Although Osimertinib brings amazing effectiveness, the drug has high safety, even fewer serious side effects than the 1st generation EGFR-TKI drugs.

* UTP: lung cancer, NSCLC: non-small cell lung cancer
a: Step 1 treatment is the first step of treatment when the disease is detected, b: Step 2 treatment is the next step after heart failure. fail with step 1 treatment

The doctor will decide the dose of medicine that the patient needs to use. The EGFR-TKIs listed above are all oral tablets and should be taken once a day, at a certain time. Erlotinib, Afatinib should be taken on an empty stomach, 1 hour before a meal or 2 hours after a meal. The remaining drugs Gefitinib, Dacomitinib, Osimertinib can be taken on an empty stomach or full. When you miss a dose of the day, depending on the type of medicine and the specific time the patient remembers, whether to take the medicine or not. In case of using Dacomitinib, Osimertinib should not make up, wait for the next appointment and take the usual dose. Never take a double dose. In case of using Gefitinib, Afatinib: if the time from remembering to taking the next dose is more than 12 hours, it can be taken immediately, but should not be taken if it is less than 12 hours, wait until Send your next medication and take your usual dose. Never take a double dose. When it is difficult to swallow tablets, gefitinib and osimertinib can be stirred in water until completely dissolved. Avoid crushing the pill. After drinking the dissolved drug solution, it is recommended to pour a little more water into the glass to rinse and drink more of that water to ensure the full dose of the medicine. All medications should be stored at room temperature of 25oC, in a dry place. If the patient is using other drugs for medical treatment, the doctor should be informed for further advice to avoid interactions between drugs, to avoid reducing the effectiveness or increasing the unwanted effects of the drug. . If you are pregnant or want to become pregnant, discuss it with your doctor because the medicine may harm your unborn baby. The duration of drug treatment is often prolonged until the disease worsens because the drug is no longer effective or when many unwanted effects are severe.

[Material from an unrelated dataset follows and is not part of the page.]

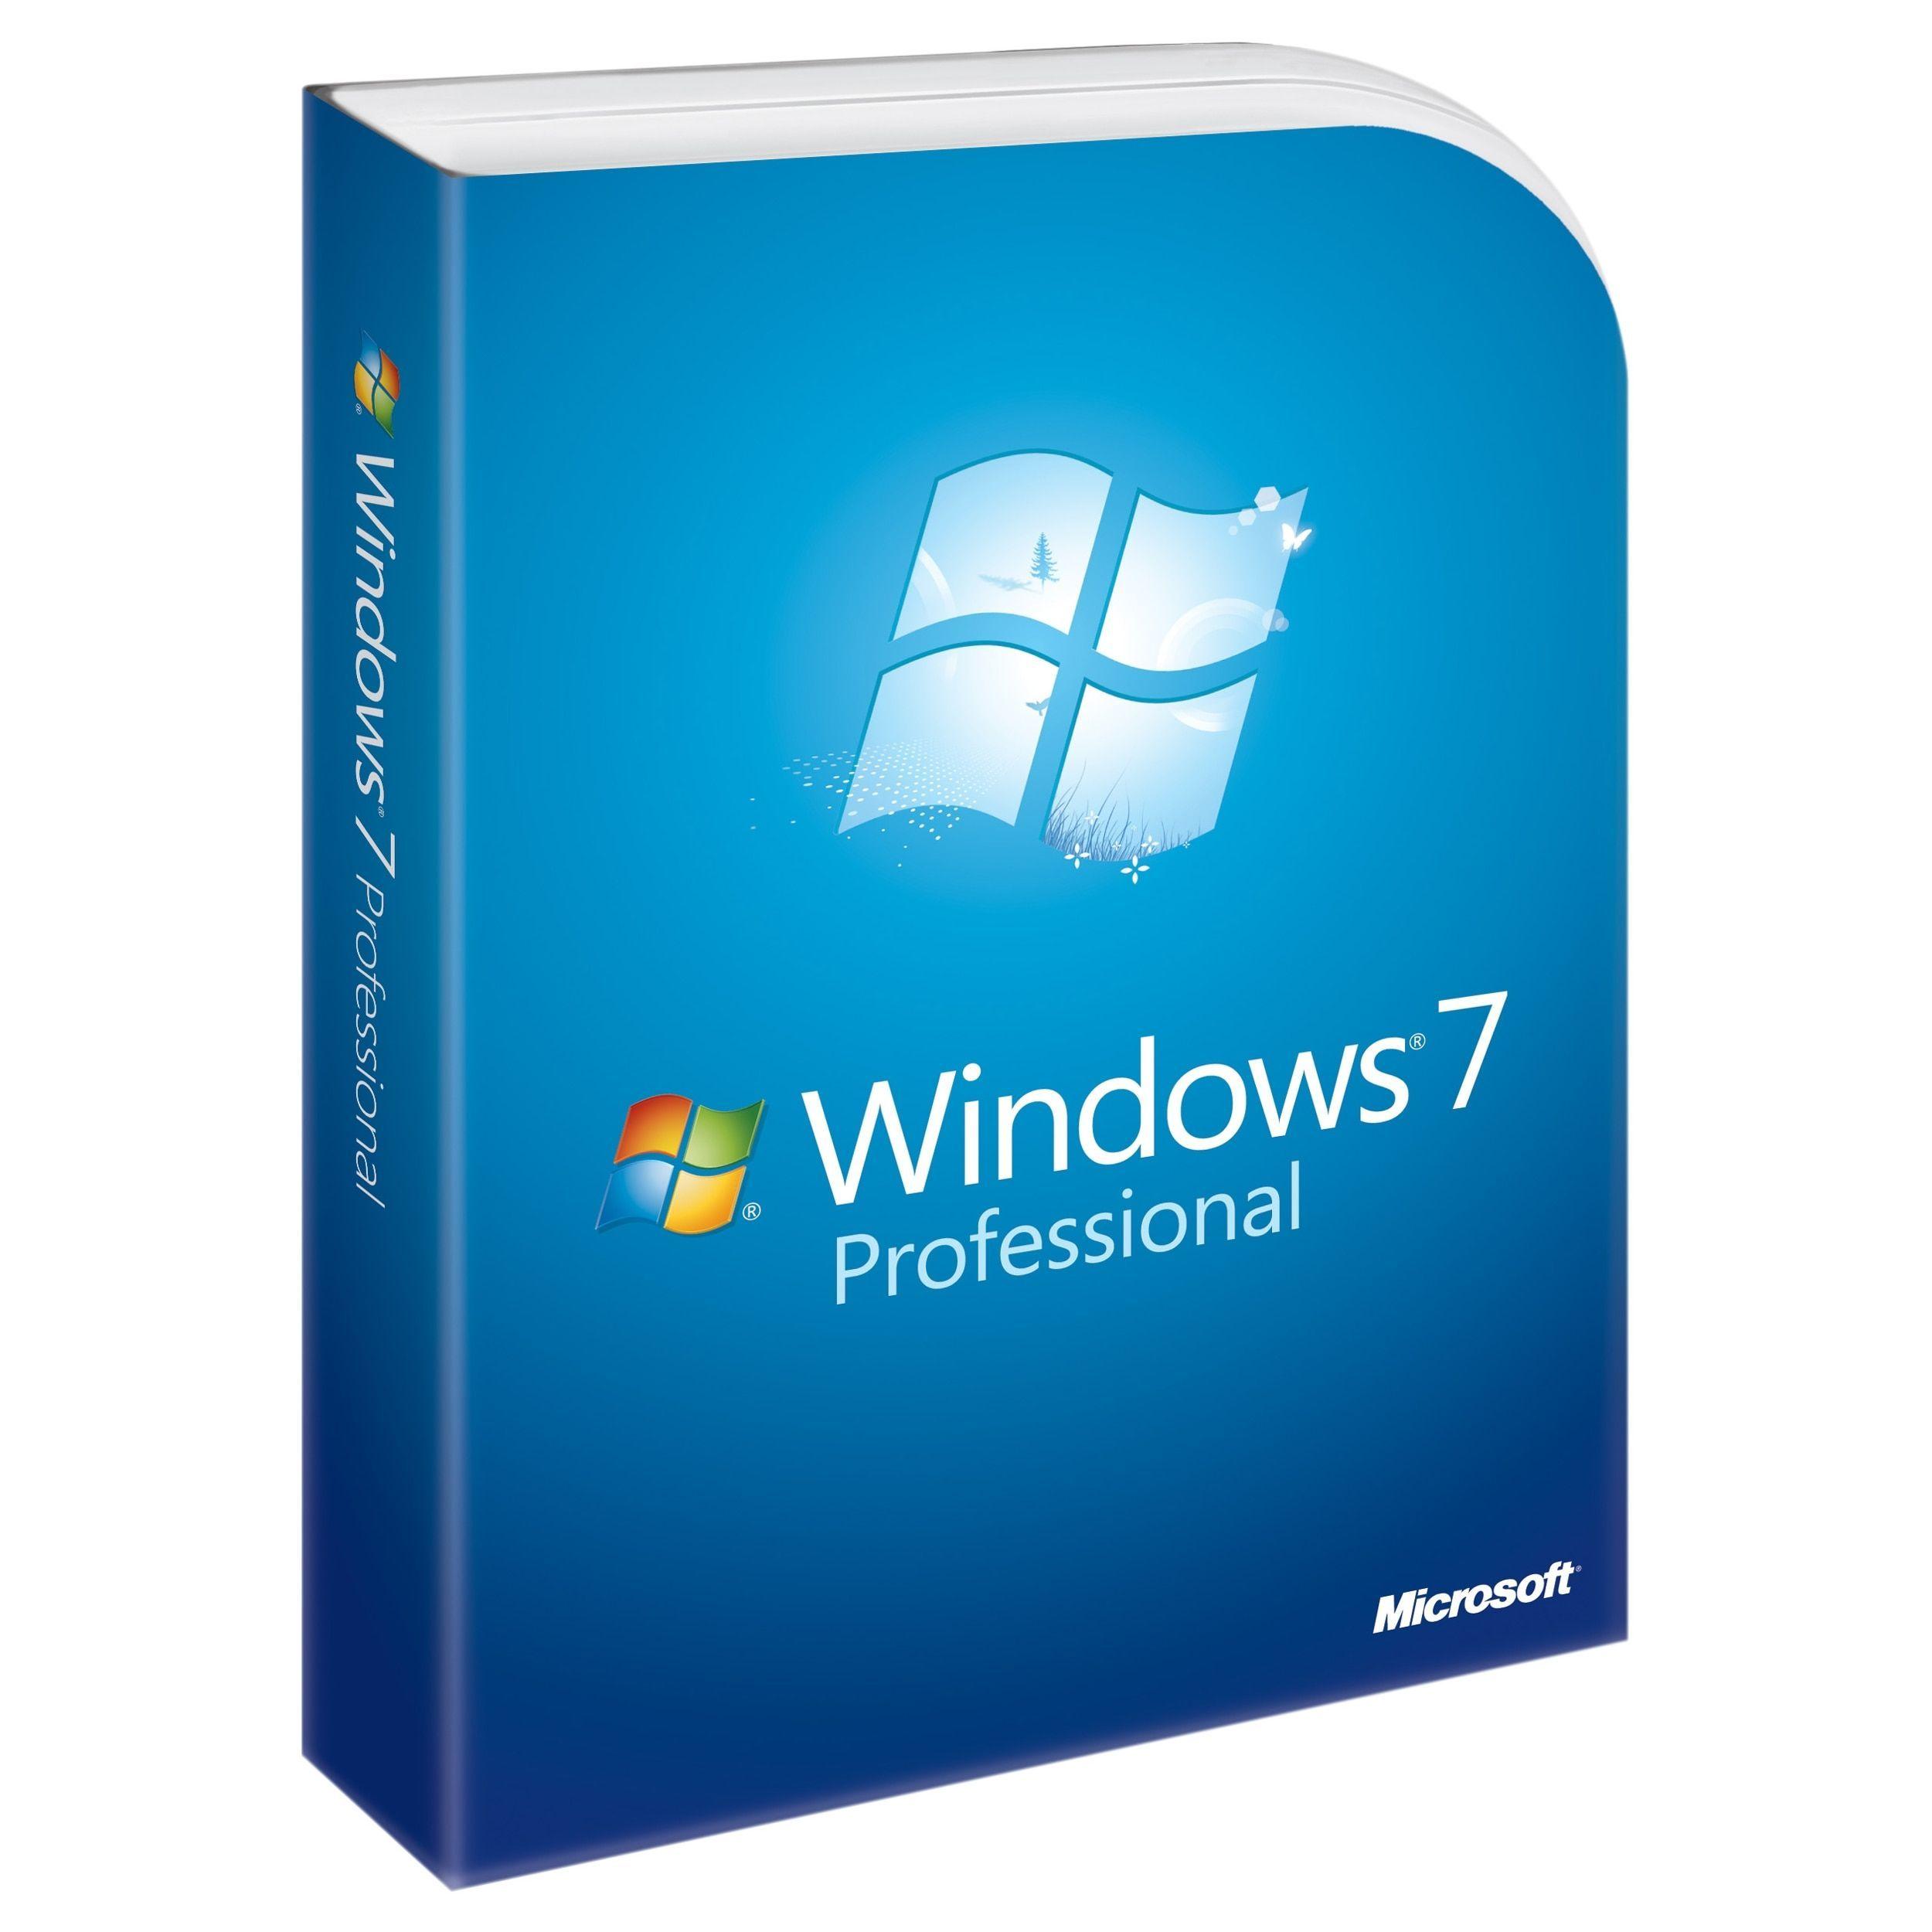 Microsoft Windows 7 Professional With Service Pack 1 32 Bit

An important note is that not all lung cancers can be treated with drugs that target EGFR. Only when the tumor cell sample or the patient's blood sample is tested for the presence of EGFR mutations, the use of this class of drugs is effective.
And although we know the pros and cons of the three classes of EGFR-TKI drugs, the choice of which drug to treat depends on the discussion between the patient and the doctor on a case-by-case basis.
The duration of drug treatment usually lasts until the disease progresses or when the patient suffers from many serious side effects.
For those who do not carry EGFR mutations, we can search for other types of gene mutations such as ALK, ROS1, BRAF, MET, RET. If these gene mutations are present, the patient can use targeted drugs depending on the type of mutation.
Specifically, Dabrafenib in combination with trametinib is for lung cancer tumors with the BRAF V600E mutation. Crizotinib, ceritinib, or alectinib are used for patients with ALK rearrangement and crizotinib for tumors with ROS1 rearrangement.
If the above gene mutations are not present, immunotherapy or chemotherapy can be used, where immunotherapy is a new step today and has also been shown to bring spectacular results to patients. patients with metastatic lung cancer.